Gor

Like a lot of movies about dimension hopping barbarians, Gor opens with a scene of professor teaching a college class. The bell rings and the professor - named Tarl Cabot for some reason? - excuses the class for the semester. Then he and his assistant walk out to his car, and as they do so, it becomes clear that Tarl thinks that the two of them are about to start driving to a cabin in the countryside as part of a romantic getaway. (It's been years since I've been in school, but I do remember that most of the teacher-aide relationships I saw were overtly sexual.) Unfortunately, a cool dude drives up in a cool car and as soon as he does Tarl's assistant suddenly spits out what she's been trying to tell Tarl politely: she isn't that interested in dating a bookish girly-man. (I bet this is a common sentiment amongst graduate students, who after all only spend seven years plus years studying in school so they can hopefully than transition to spending another thirty or forty years teaching.) She hops in the other dude's car and the two of them drive off. A frustrated Tarl then drives towards the cabin by himself, only to get into a car accident en route. When he wakes up he's in a fictional land called Gor--

Hold on, Gor, I'mma let you finish, but we aren't even five minutes in and you are already deploying one of the lamest tropes in all of fantasy: the nerd who is secretly a world conquering hero. I hate this trope for two reasons. The first we might call the feminist objection: as soon as Tarl shows up in Gor it's immediately obvious that he's going to prove his assistant to be a blind dummy by using his secret manliness to sweep all of Gor's warrior women off their feet. That's extremely condescending to both groups of women, because it assumes that his assistant is an idiot who doesn't know what she really wants in a mate and because it implies that these Amazons are just sitting around waiting for a mealy-mouthed professor to come by and lead them in battle. But I'm not even going to get too deep into a feminist critique of this movie, because if I did we'd have to spend a lot of time talking about furry bikinis, and I don't have the energy for that right now.

No, I want to focus on the second objection, which is about how the type of wish fulfillment that movies like Gor sell to young men is a really bad for them to hear. If Tarl is a college professor we can assume he's a reasonably bright guy who makes a decent middle class wage in a job with some measure of security, so he shouldn't need to transform himself into a musclebound warrior to find a lover. If his assistant isn't into him, then he should try to find someone who is into him instead of retreating into a fantasy where he magically has all of the qualities that he feels that he lacks. Stories like this end up reaffirming the very stereotypes that make all the Tarls of the world feel self conscious because they suggest that the solution to their problems is to turn themselves into the cool dude in a cool car who keep stealing away "their" women, even though that's obviously not the answer. Gor's sour-grapes opening was a giant red flag that this film was going to be condescending and wrongheaded the whole way through, and indeed, it was.

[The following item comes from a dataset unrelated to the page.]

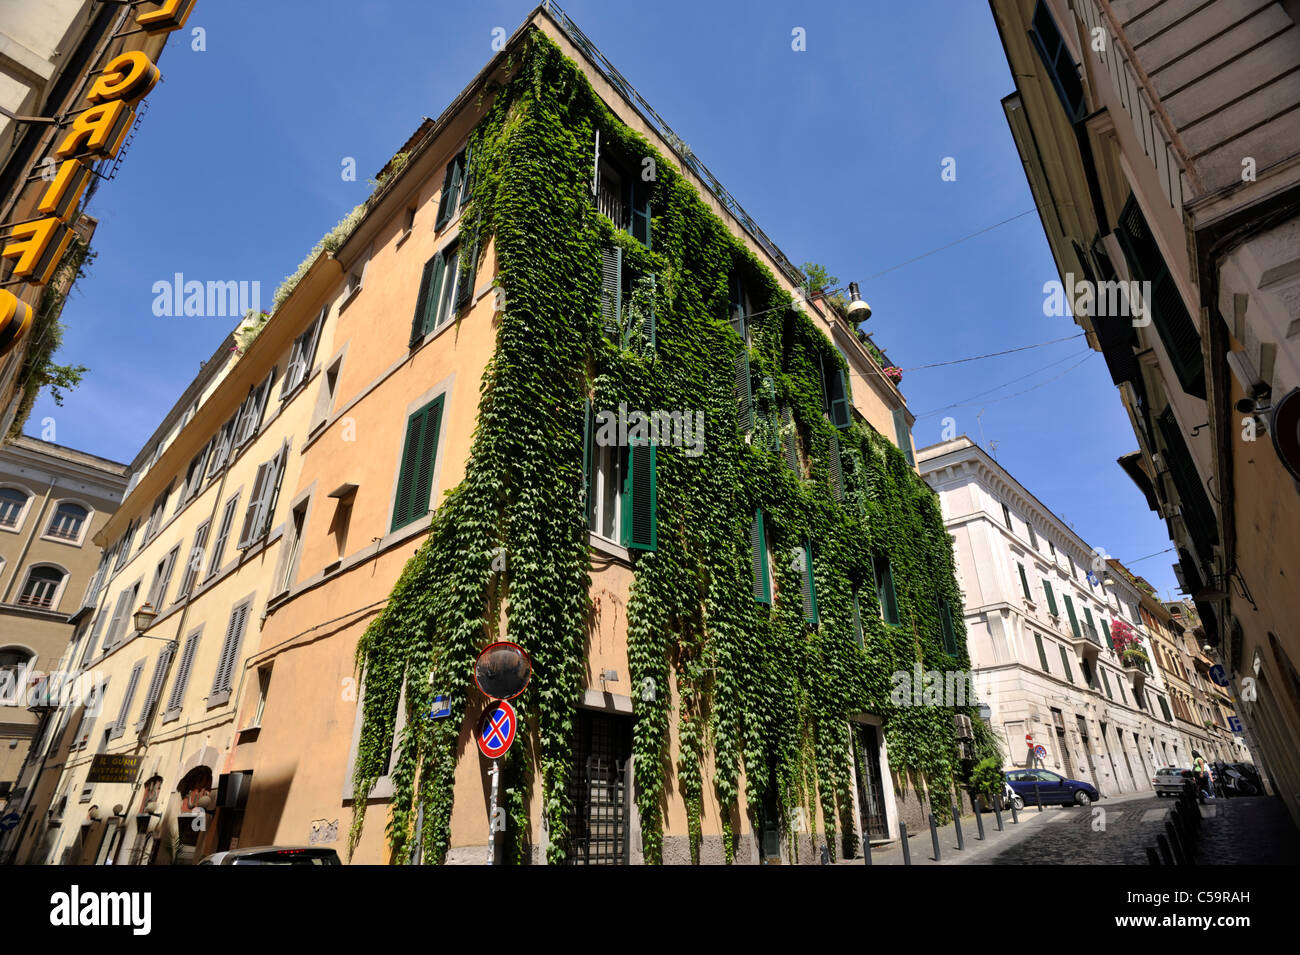 Italy, Rome, Monti district, Via del Boschetto Stock Photo

One of my favorite albums of 2014 was Sky Ferreira's Night Time, My Time, and one of the things I really liked about it was that most of the songs honestly reflect her perspective as a twenty two year old. One of her songs is called "I Blame Myself" and it's about her growing understanding that there is a correlation between her actions and her reputation. I can remember having that exact same realization myself at her age. For a long time, I thought that I was a perfectly reasonable guy and anyone who didn't like me was just a judgmental jerk. Eventually, I started to see how little things like tone of voice could transform a well intentioned statement into an insult, and I started to see how maybe I wasn't the all around nice guy I thought I was. Now that I'm a decade older I've come around to Louis C.K.'s position, which is: you don't get to choose if you're an asshole. Everyone around you gets to choose if you're an asshole, and then you either accept that or you don't.

That's a lesson guys like Tarl need to learn. There are probably a lot of reasons why his assistant blew him off, and I doubt that any of them have anything to do with his inability to decapitate a rival with a sword. Tarl is her superior so his interest in her is inappropriate; he tells her that he wants to go to this cabin and then passively assumes that she wants to do that, too; when she says that isn't what she wants to do, Tarl tries to push her into his position instead of compromising with her; and then when he doesn't get his way he sulks. He's a bad listener and a creep, and going to a magical land where he can use a magic ring to overthrow an evil emperor isn't going to change that. I don't mind wish fulfillment, but this is not wish fulfillment - it's delusion reinforcement.

There is no part of Gor that is well done. The film feels like a second rate knock off of Beastmaster, which is sort of like being a poor man's version of ramen noodles, in that ramen is fine but it's also about as low as you can go before you cross a threshold that should not be crossed. The plot is a lazy hash of cliches about magic stones, evil slave traders and dwarf sidekicks. The only competent actor is the evil warlord Tarl has to fight, but he's hampered by an open chested costume with a huge headdress that undermines his glowering by making him look super goofy. But even if you fixed all that - even if every scene in the desert world of Gor was knock your socks off fantastic - I still would have had a hard time admitting to enjoying this movie because those scenes on Earth were so loathsome. As far as I'm concerned, if the planet Gor wants Tarl as their savior, they can keep him.